An application made to resolve this issue came on for hearing before a deputy master. No expert evidence was adduced as to the appropriate method of valuation. With the consent of the parties, the master devised a method of valuation of goodwill, taking into account the current circumstances and past history:


  • The value of recurring annual fees paid by former clients of B to B, save where the clients had post-transfer either died or become bankrupt (as some had).


  • Where a former client of B transferred to C before any annual fee had arisen for B, an estimate should be made of what the recurring annual fee attributable to that client would be.


  • No account was to be taken of recurring one-off work (which appears to mean types of work that do not recur, notwithstanding that many separate pieces of such work may arise).

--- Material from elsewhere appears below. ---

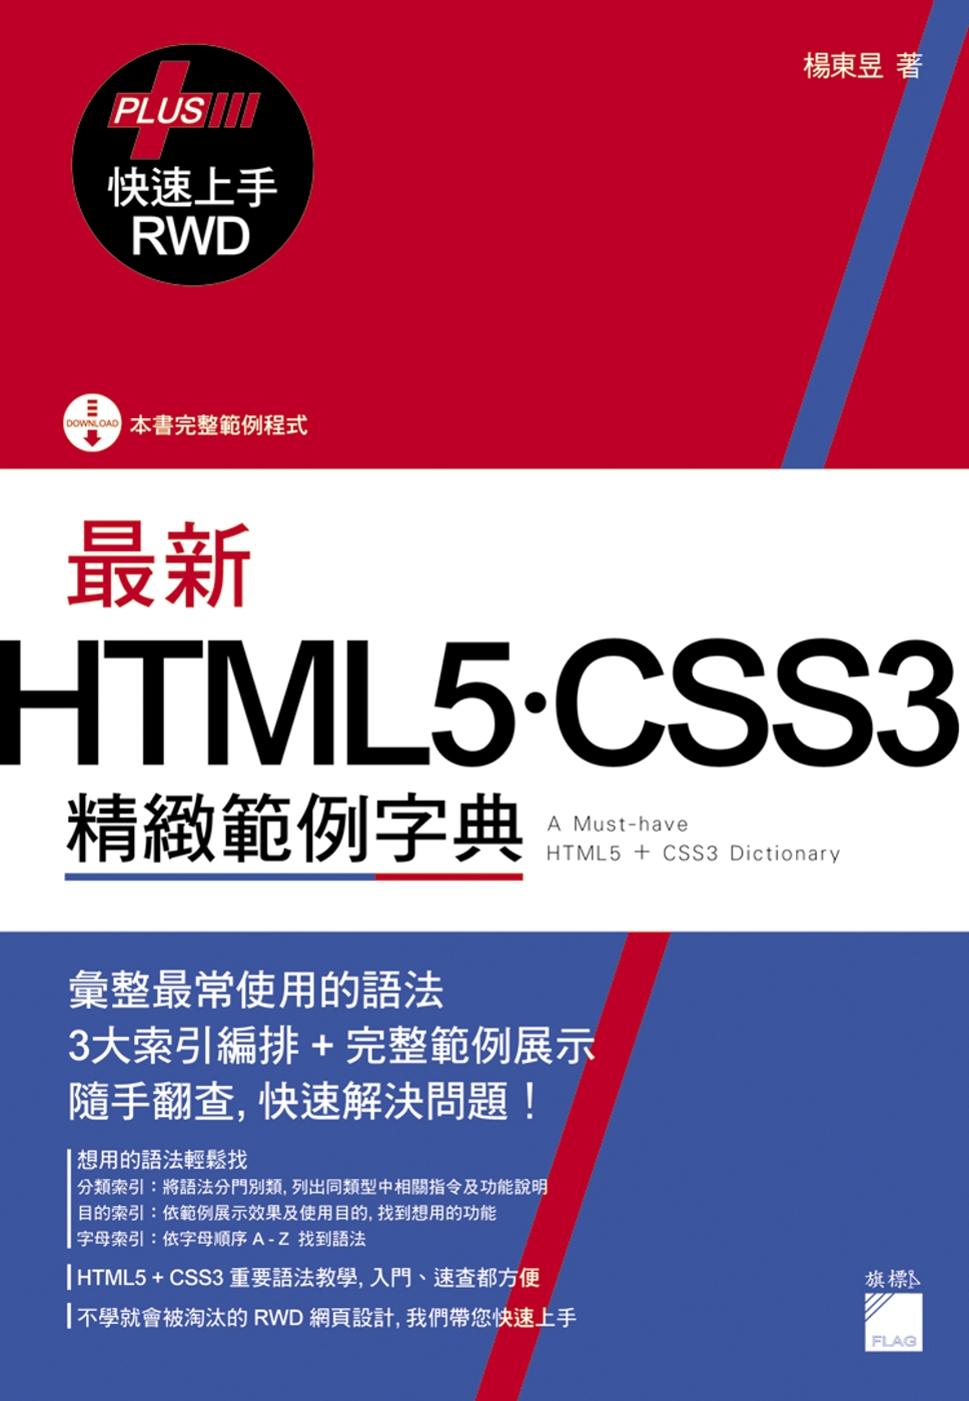 最新 HTML5.CSS3 精緻範例字典 (+ RWD 快速上手)

  • B sought to appeal this order to a High Court judge. His permission to appeal was limited in effect to one issue - what is the test for deciding which clients had transferred their business to C to such a degree that C ought to pay pursuant to the formula? The judge held that any client who had incurred a fee with C after C had moved to their new firm was such a client, irrespective as to the extent of that fee or whether each such client might subsequently (in other words, subsequent to incurring a fee with C) have died or become bankrupt. The judge also of his own motion (without being prompted by submissions on the point) imposed a cut-off date of one year after C had moved to their new firm, so that any client who first instructed C after that date was to be disregarded.




    Gorne v Scales


    The Court of Appeal gave judgment in Gorne v Scales on 29 March 2006. The case concerned the method of valuation of a card index of customers of a partnership and the sales history of each customer, which was removed by the defendant partners for use in their new business on the collapse and dissolution of the subject partnership. Similar principles are likely to apply to computerised customer information in a professional practice.


    The master assessing damages found that 40% to 45% of the defendants' customers in their first year of trading were derived from the card index. The claimant had elected to claim damages rather than seek an account of profits. The claimant's expert accountant regarded the card index as representing the goodwill of the partnership, to be valued by reference to the trading accounts of the partnership as well as to the trading accounts of the defendant partners' new business, deducting the net asset value of the business from what he thought a purchaser would pay for the business as a whole. The defendants' expert valued the card index as an income-generating asset for which a purchaser would be willing to pay a multiple of the annual maintainable positive cashflow, which he assessed to some extent by reference to the accounts of the defendant partners' new business. The master preferred the claimant's expert's method and awarded damages accordingly.


    The Court of Appeal (Lady Justice Arden dissenting) found that it was inappropriate to assess damages on the basis of assuming the continuation of the business as a going concern, involving a review with hindsight of the business derived by the defendant partners from the card index, since in reality the business of the subject partnership had collapsed. If the card index had not been appropriated by the defendant partners, the only way that the card index could have achieved value for the partners as a whole would have been on a sale to a competitor or to the defendant partners. Thus damages should be assessed by reference to the price achievable on such a sale as at the date of dissolution, without reference to the subsequent performance of the defendant partners' new business.